By the age of 12 or so, I forgot about this thought exercise, this fantasy, really, and moved on: life demanded it. Life got more complicated, thinking complex – strategic designs varied with more teachers, more rules, more guidance; more religion, more grist for agreement and quests for influence, more ideology, more ingredience. Yet, my ability for abstraction both grew and became more focused, more refined. I mean: ‘x’ taking the place of a number in an equation is quite abstract; the tangent of ‘x’ even more so. In short, life and school and communication got more specific in its content and demanding in the way one must, inevitably, engage – and thinking about what was in my immediate purlieu began to dominate.

This Great Circle, this thought experiment, represents a framework of wonder and inquiry of a young boy, a method of investigation, a mode of thinking about his surroundings, an epistemological stance, if you will. I am now using a different method that includes a visual and physical manipulation of material, which marries this curiosity of the boy with all that he was taught and with all that he experienced along with the specific theme of breaking and placing stone, its movement and action, their opposites and the many gradations in between – which now serves as my present framework of discovery and of wonder and inquiry.

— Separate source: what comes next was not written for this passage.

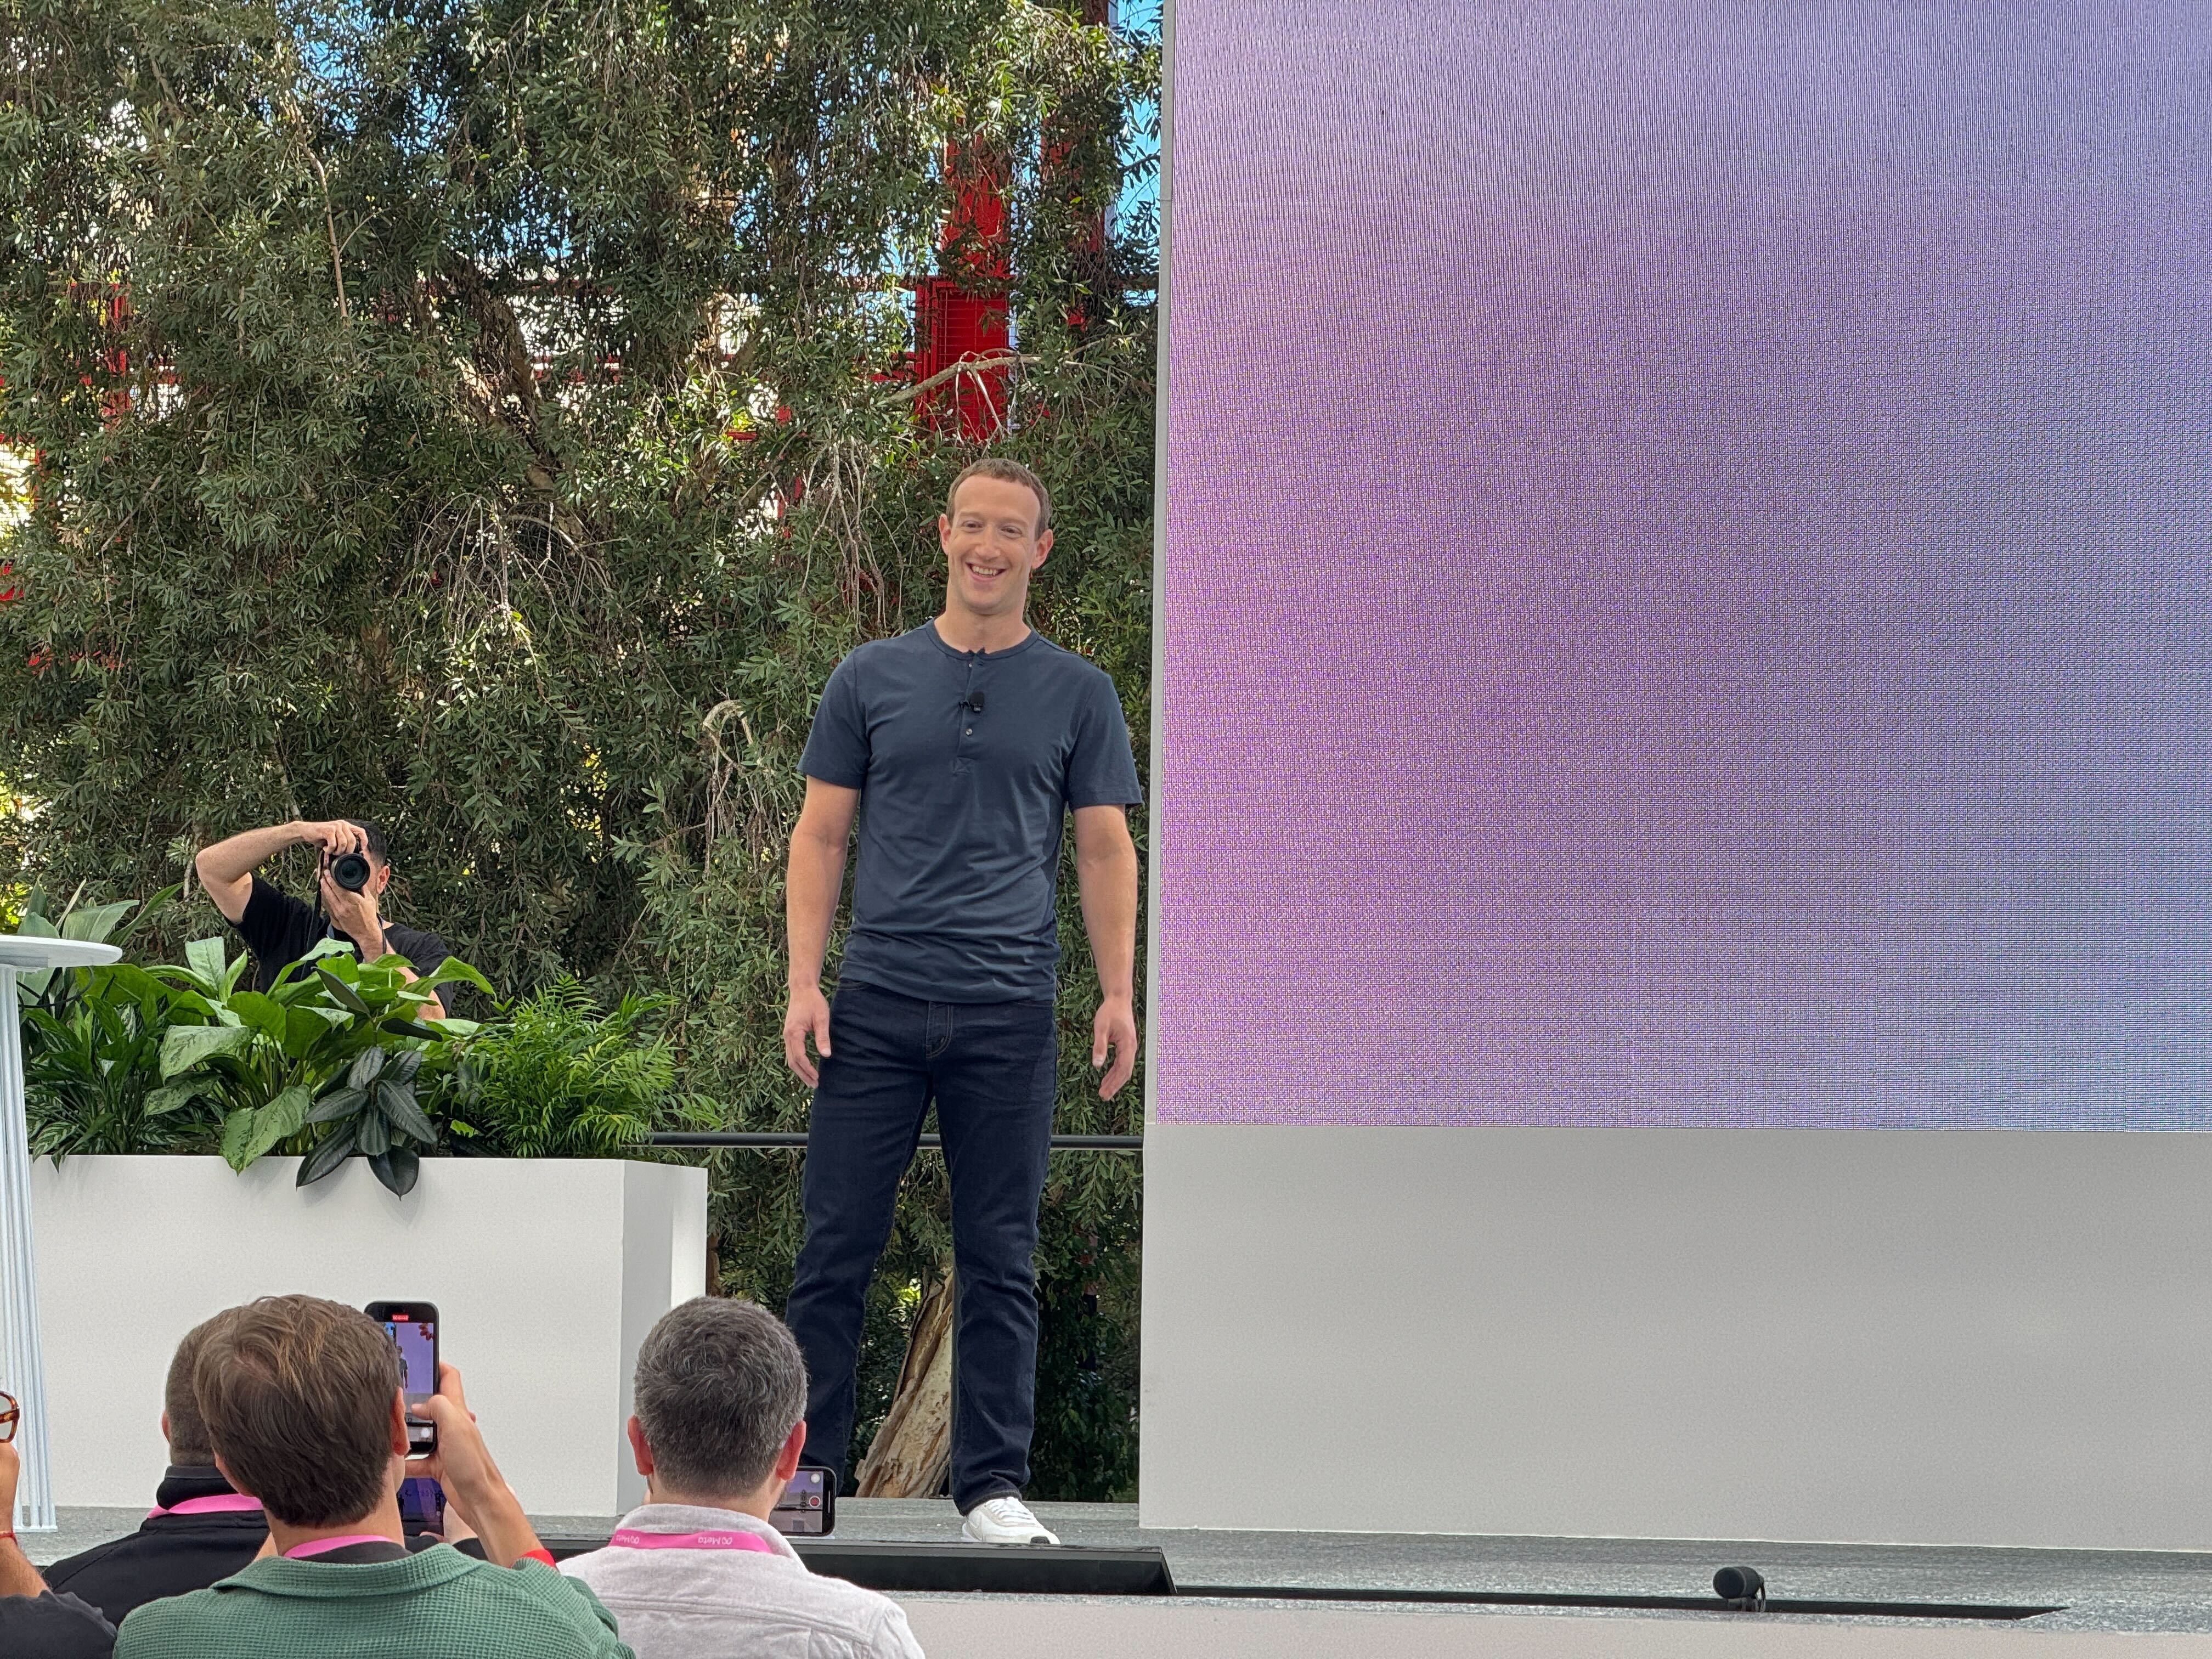 Mark Zuckerberg on stage at Meta Connect 2023

With the highlighting of these 5 rough drafts of Statement III, I need to shift my attention
away from this blog and the Internet machine for a while
and devote more concentrated time and effort in other, deeper directions – specifically, toward the work I furthered in India,
Cairns – Shards – Pieces – and, as this work proceeds,
Statement III will inevitably evolve.

I’m not disappearing from this digital land but my intention is to not post on this blog for a while and … well … I’ll let you know what’s next. Its brewing.
Sign up for my newsletter, because then you will be sure
to stay current. 

Thank you for your readership.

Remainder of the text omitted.